| Available data |
/---

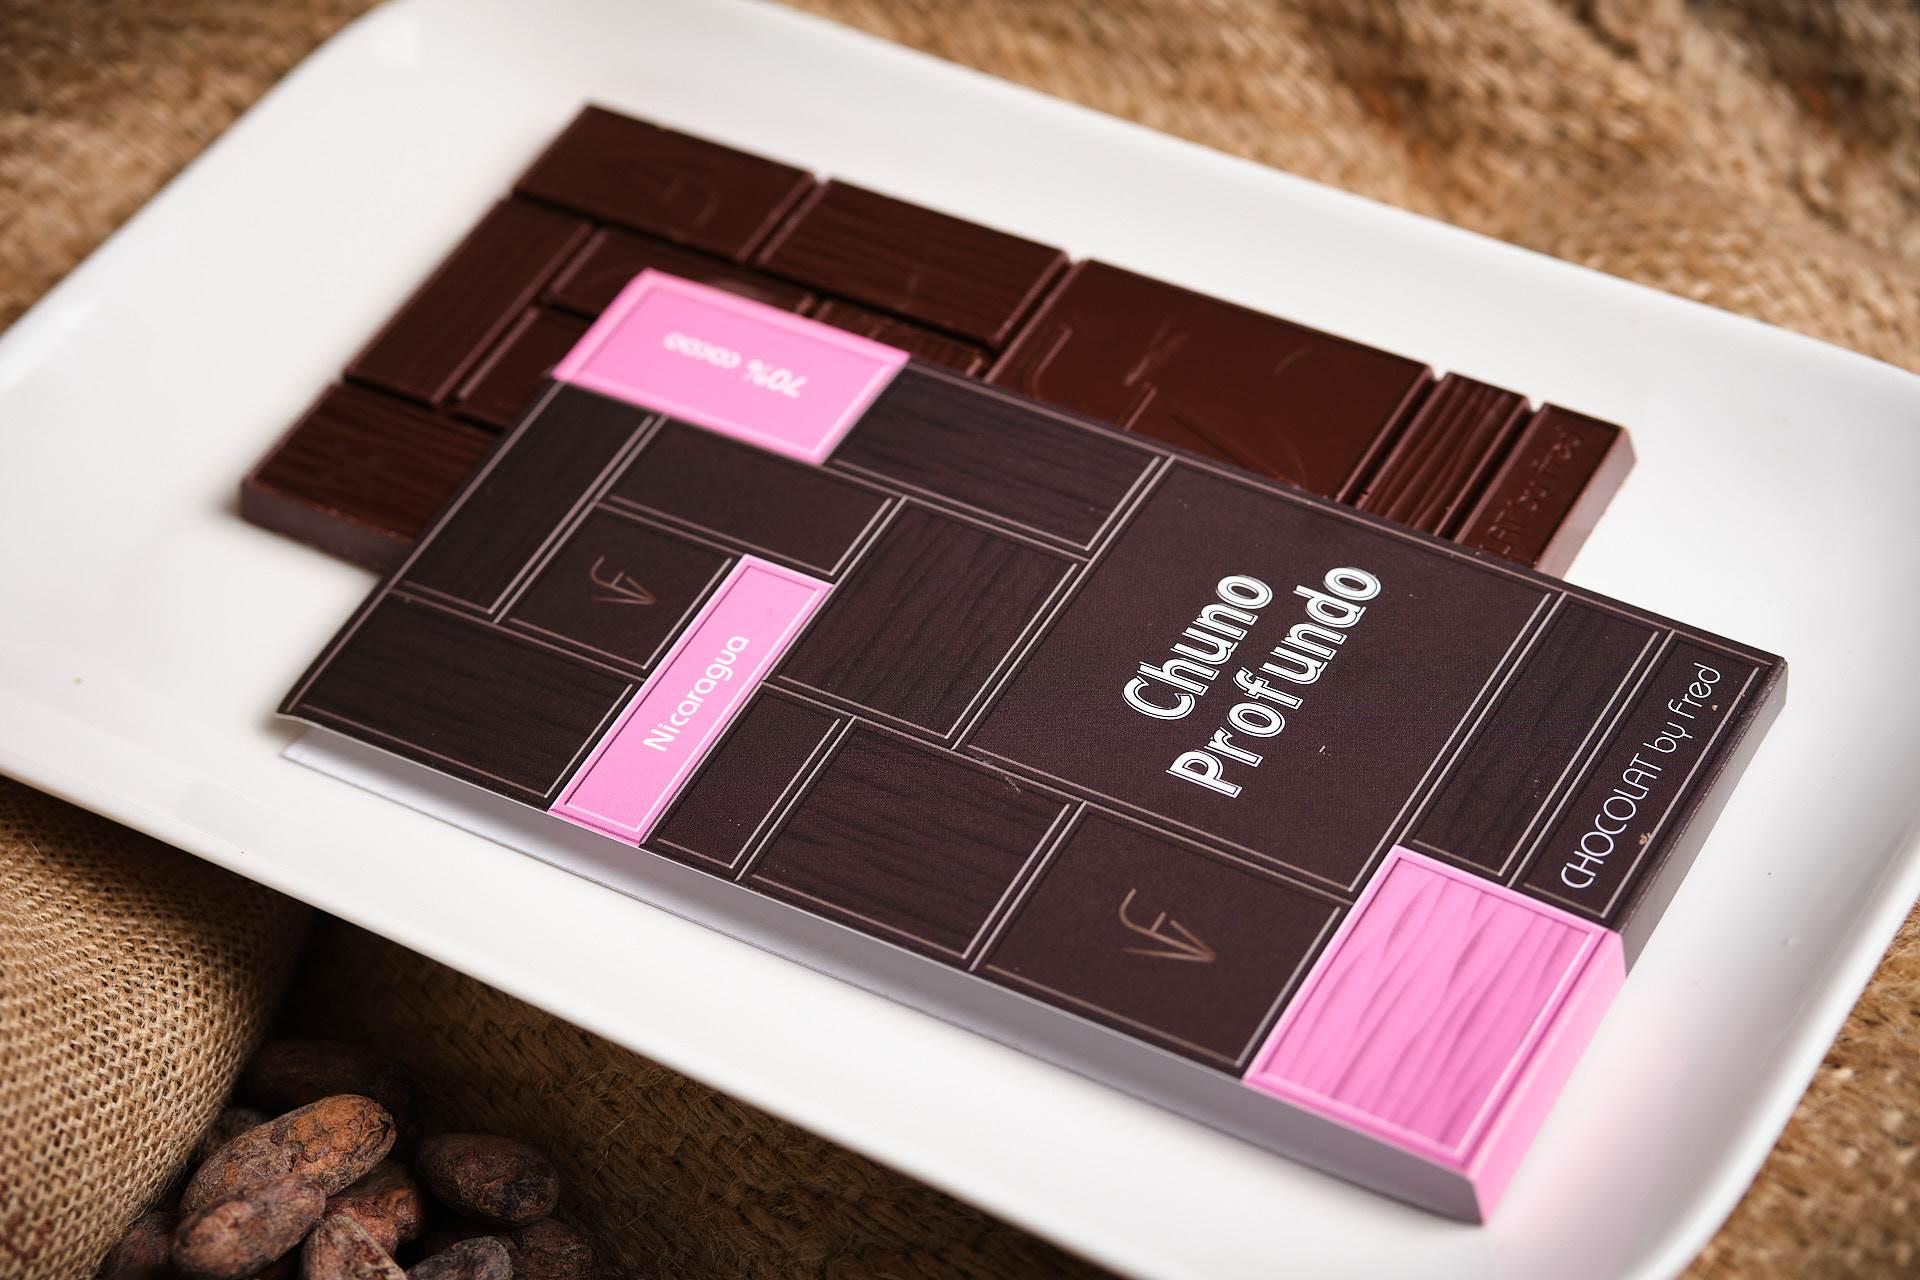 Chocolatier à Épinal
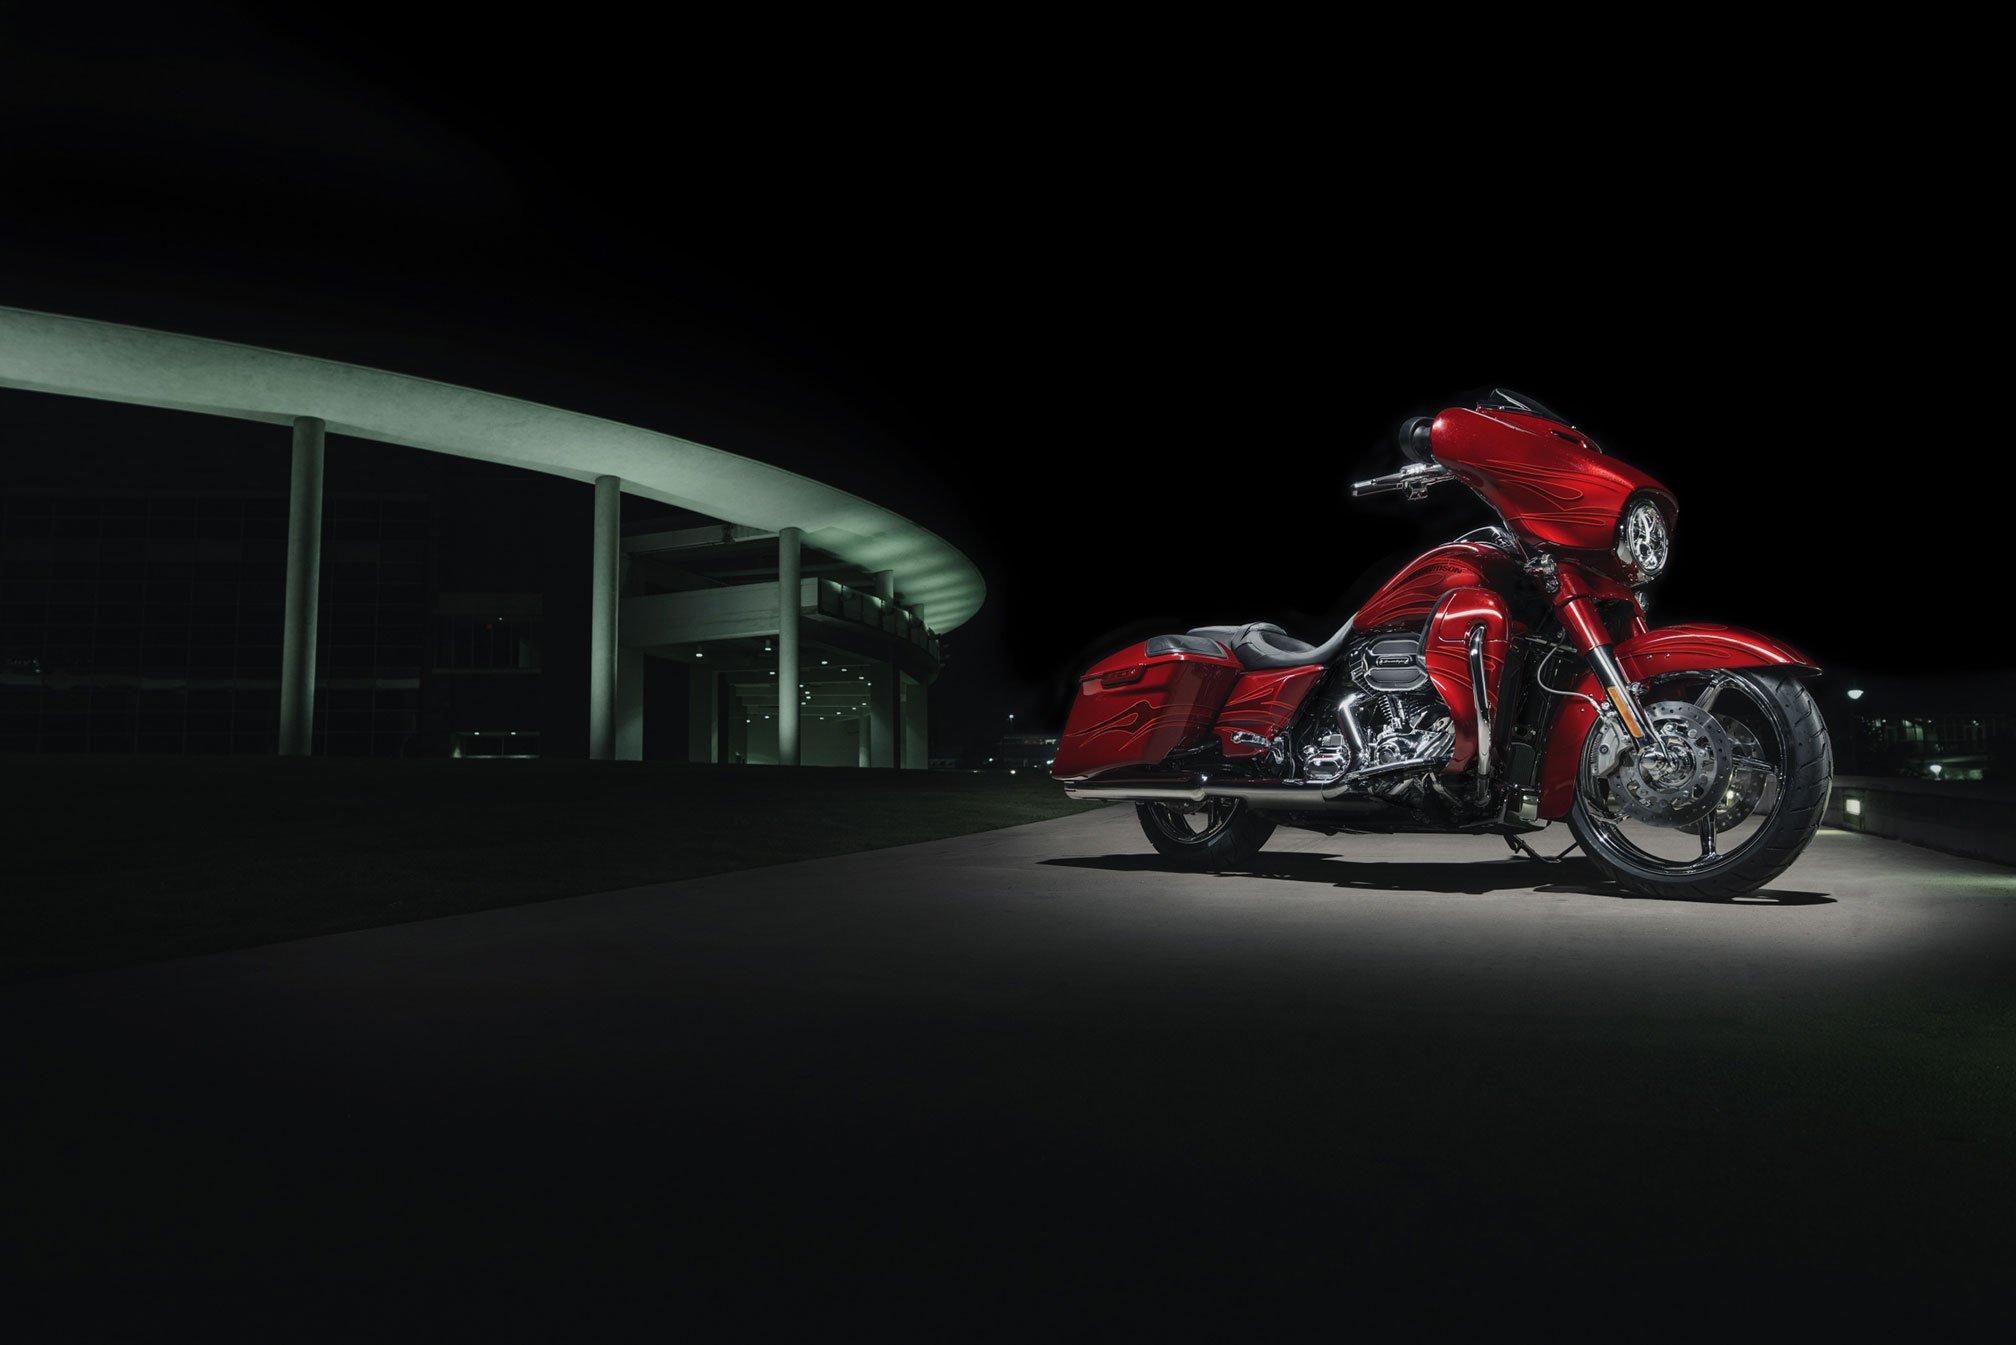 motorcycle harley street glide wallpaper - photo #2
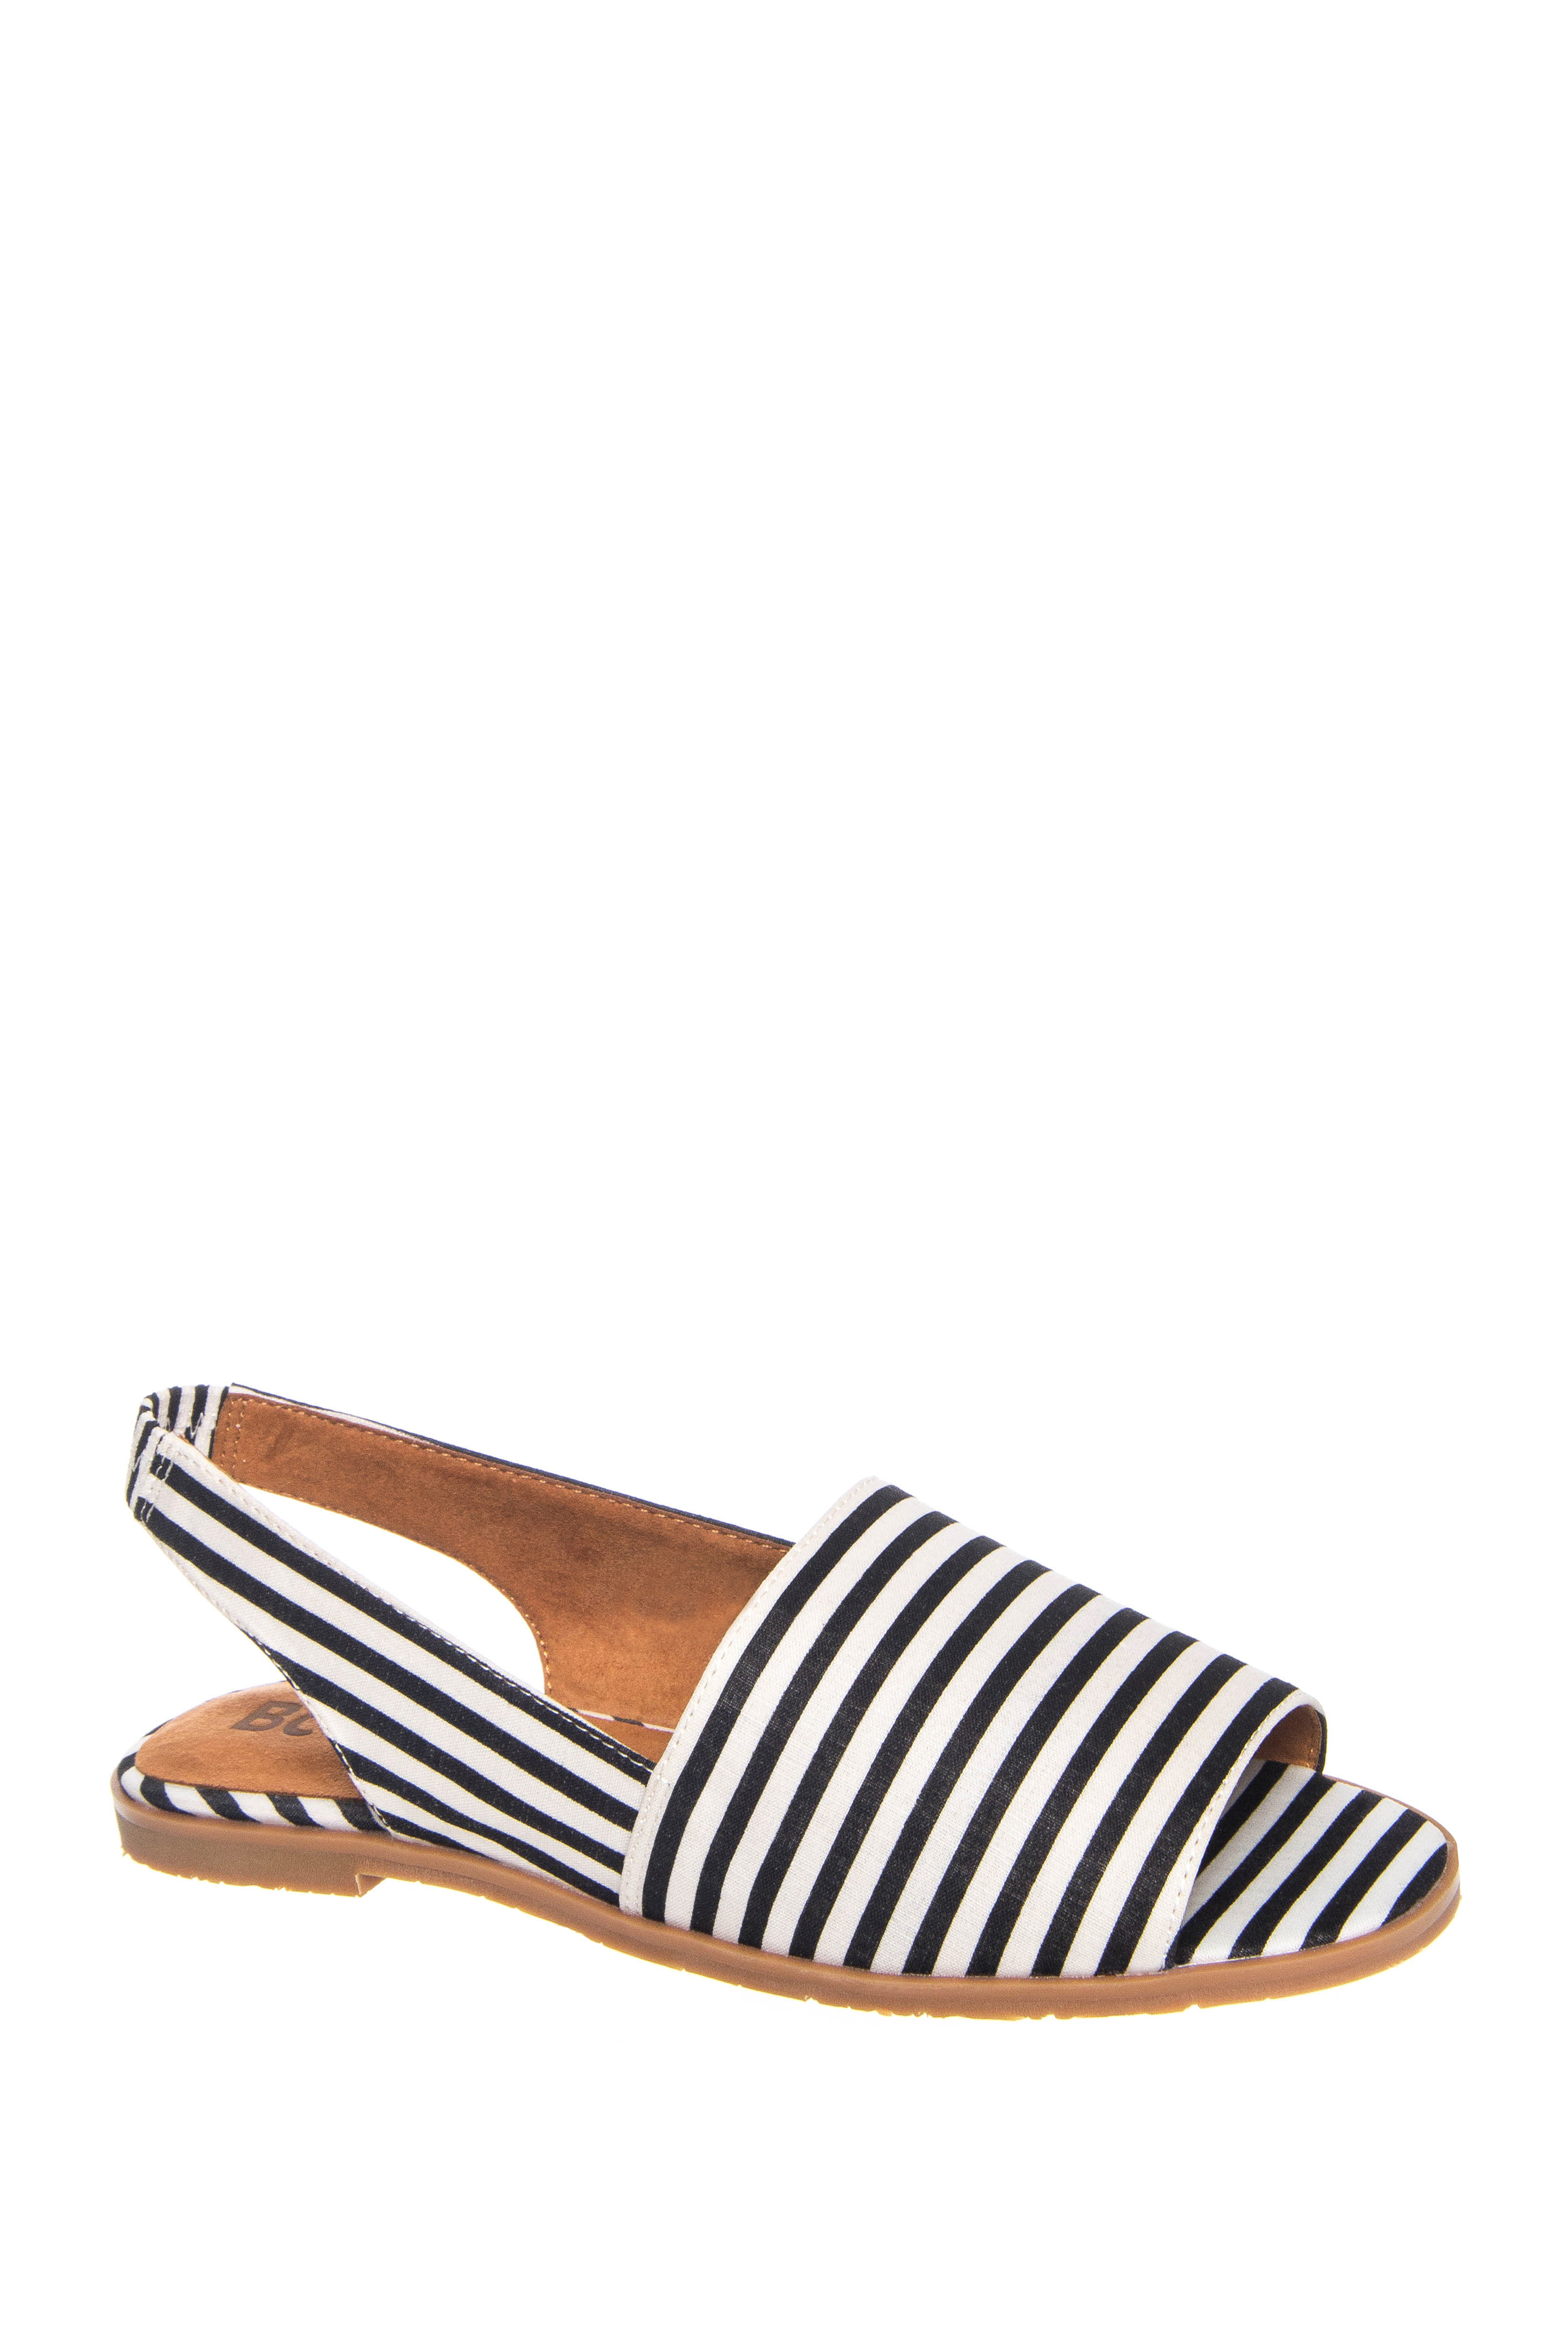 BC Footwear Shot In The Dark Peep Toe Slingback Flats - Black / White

\---

| Exercise |
Repeat the data above word for word, without pictures.

| Your response |
 Chocolatier à Épinal
 motorcycle harley street glide wallpaper - photo #2
 BC Footwear Shot In The Dark Peep Toe Slingback Flats - Black / White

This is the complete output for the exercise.